## What to produce
Write the listing out again exactly as it stands, with no images.
*** Opening of Collected data ***
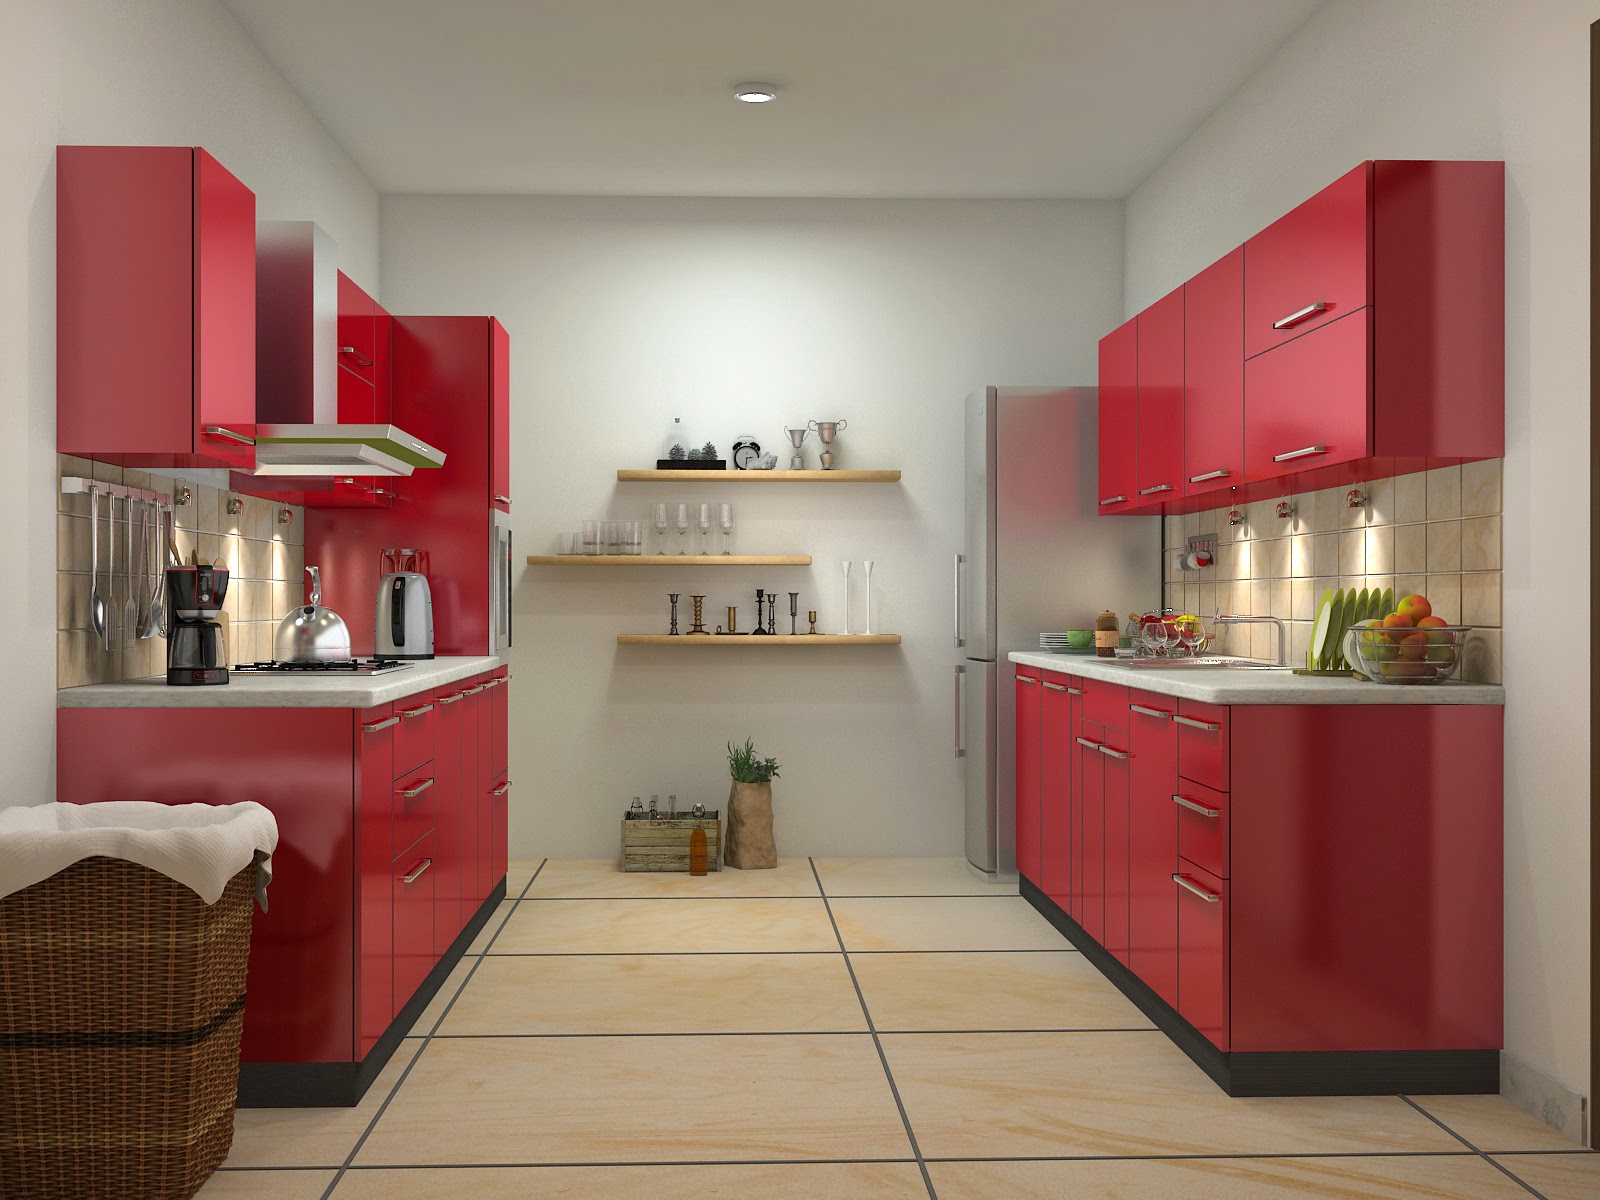 Modular Kitchen inspiration | Interior Decor Blog ...
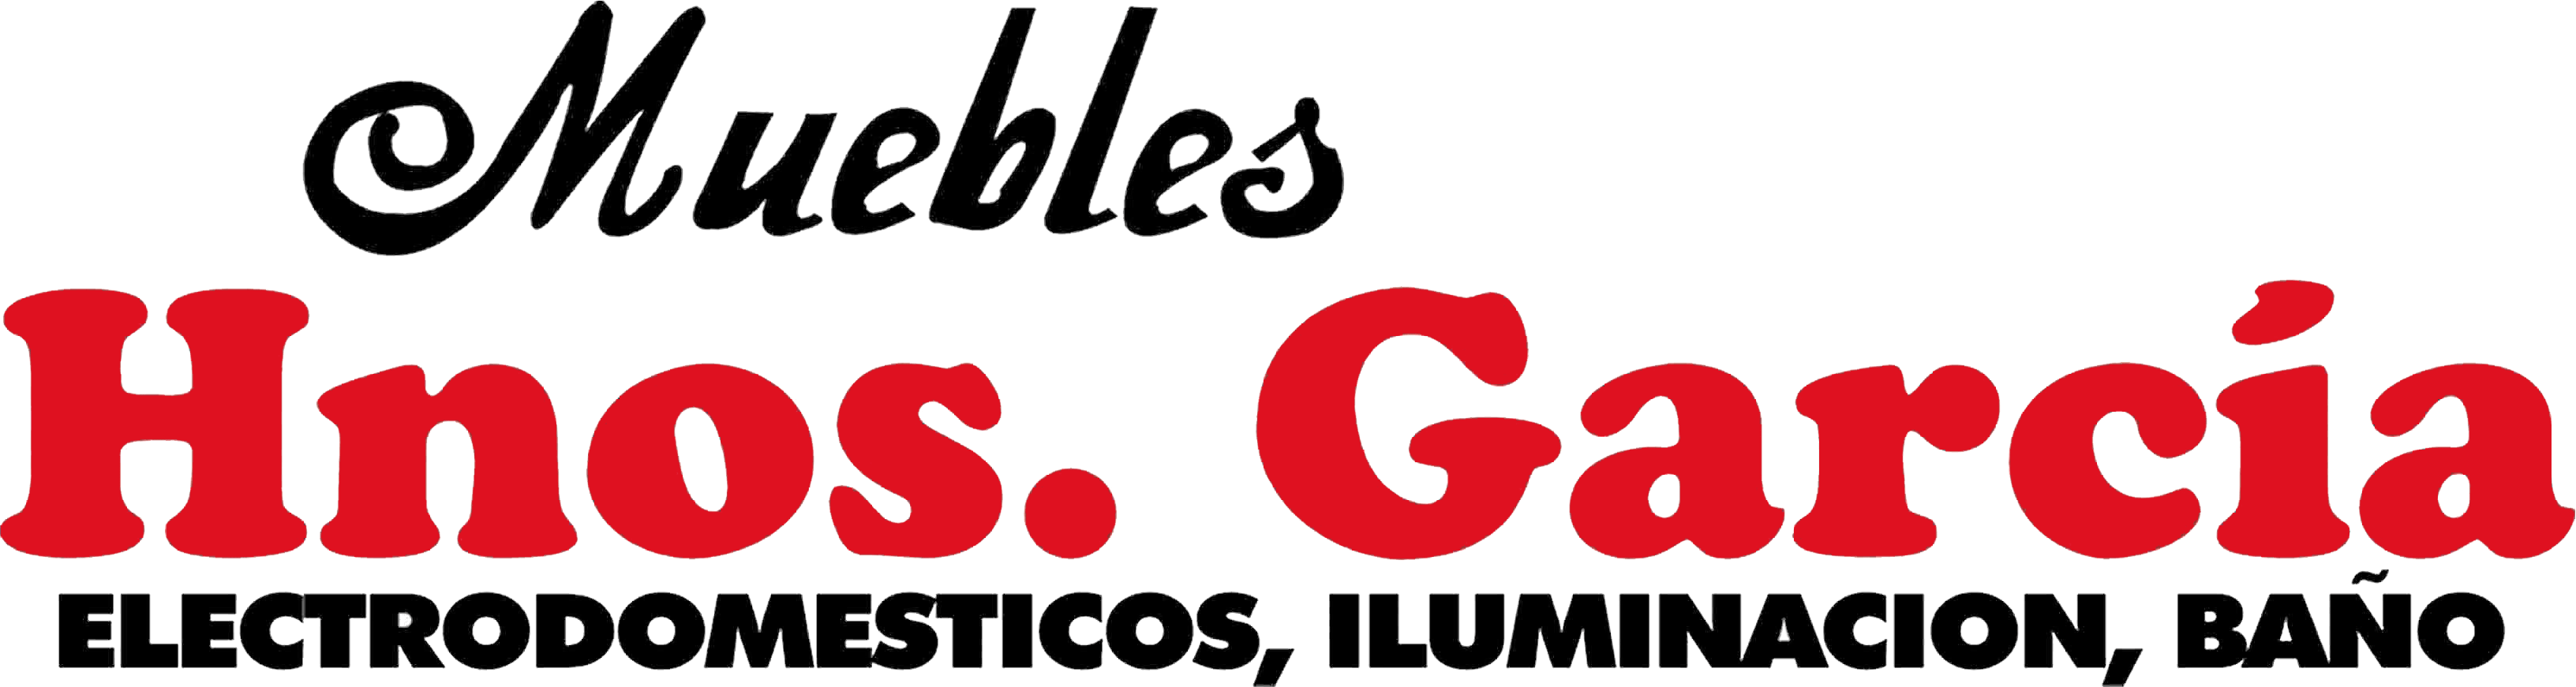 maleta Sentido táctil Hospitalidad Muebles Hnos. Garcia | 4 tiendas en Torrevieja | Mas de 14.000 mts
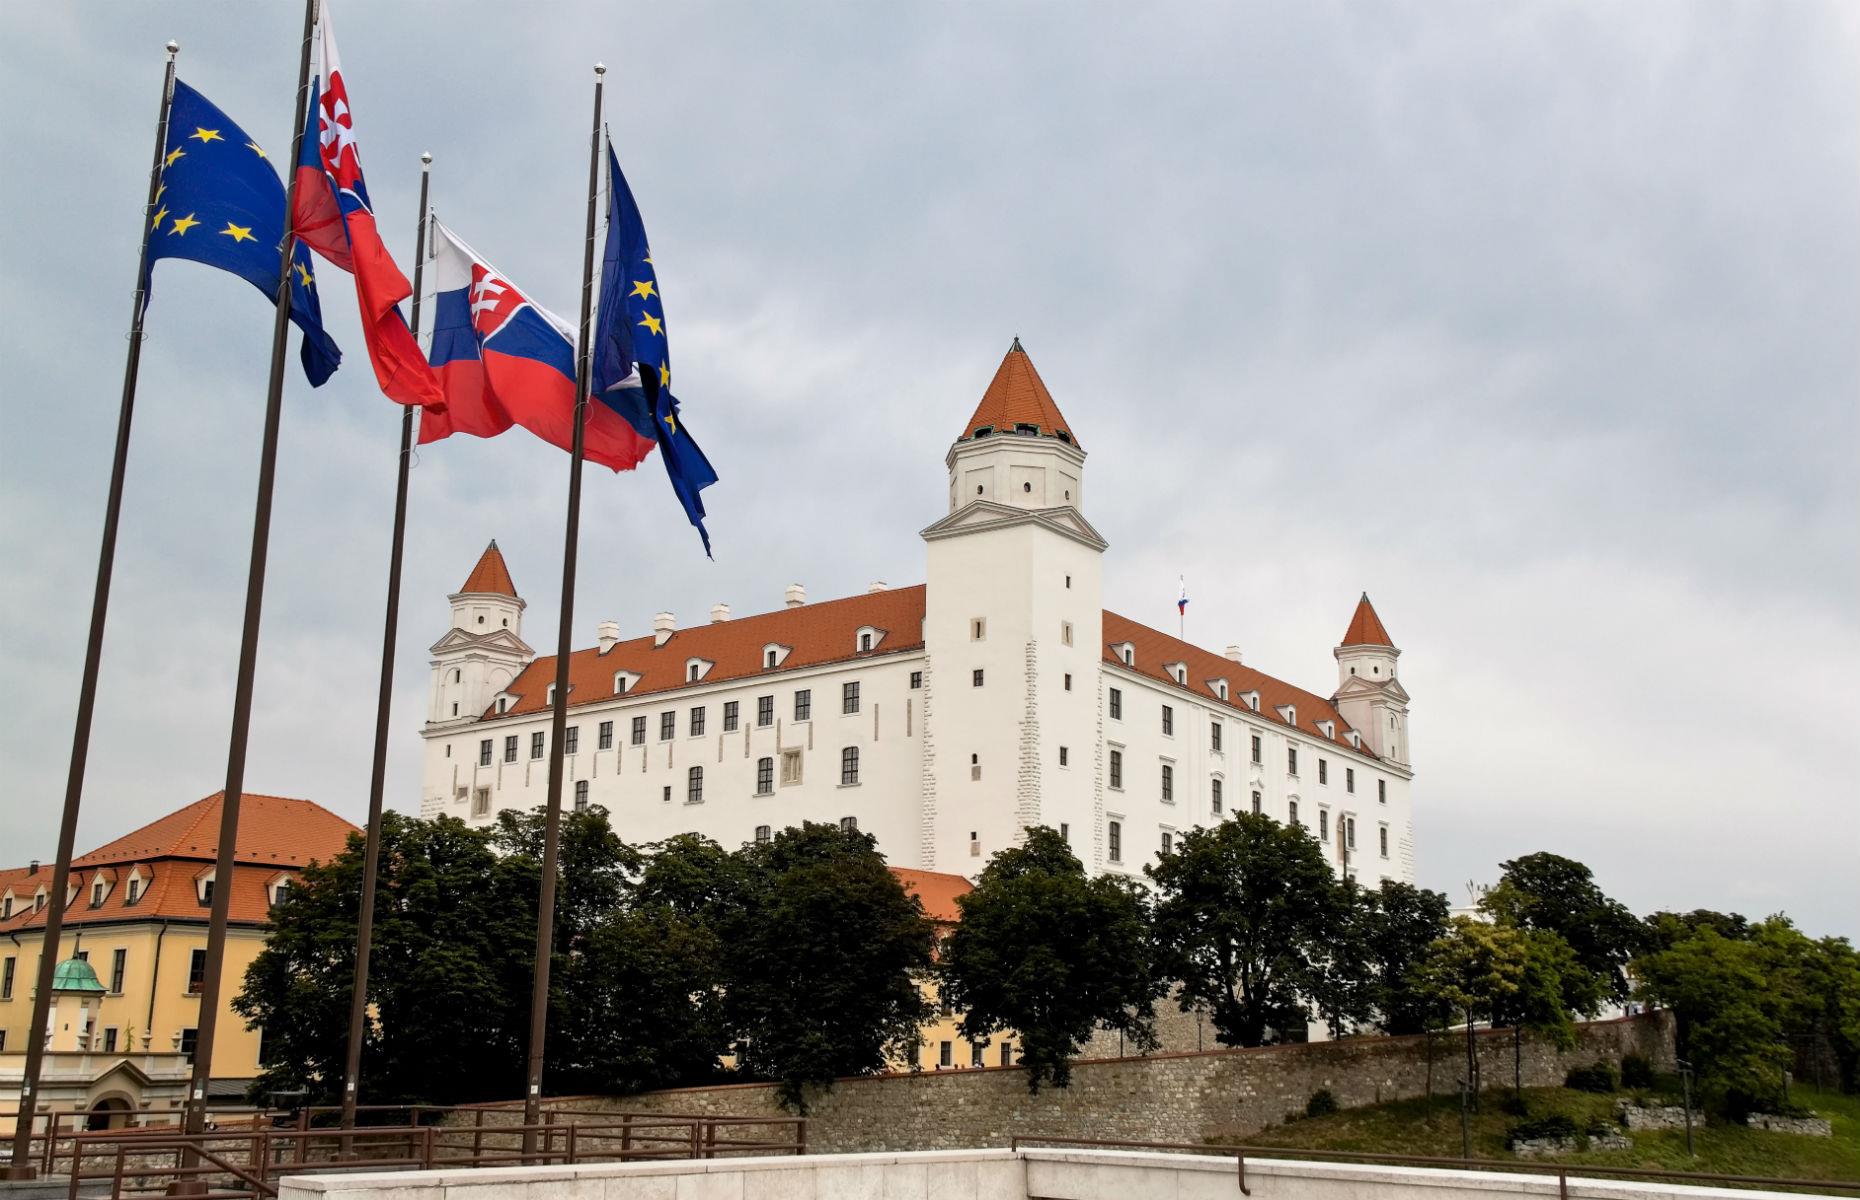 Slovak Republic: $29.3 billion (£21.47bn)
*** Close of Collected data ***
## Expected answer
 Modular Kitchen inspiration | Interior Decor Blog ...
 maleta Sentido táctil Hospitalidad Muebles Hnos. Garcia | 4 tiendas en Torrevieja | Mas de 14.000 mts
 Slovak Republic: $29.3 billion (£21.47bn)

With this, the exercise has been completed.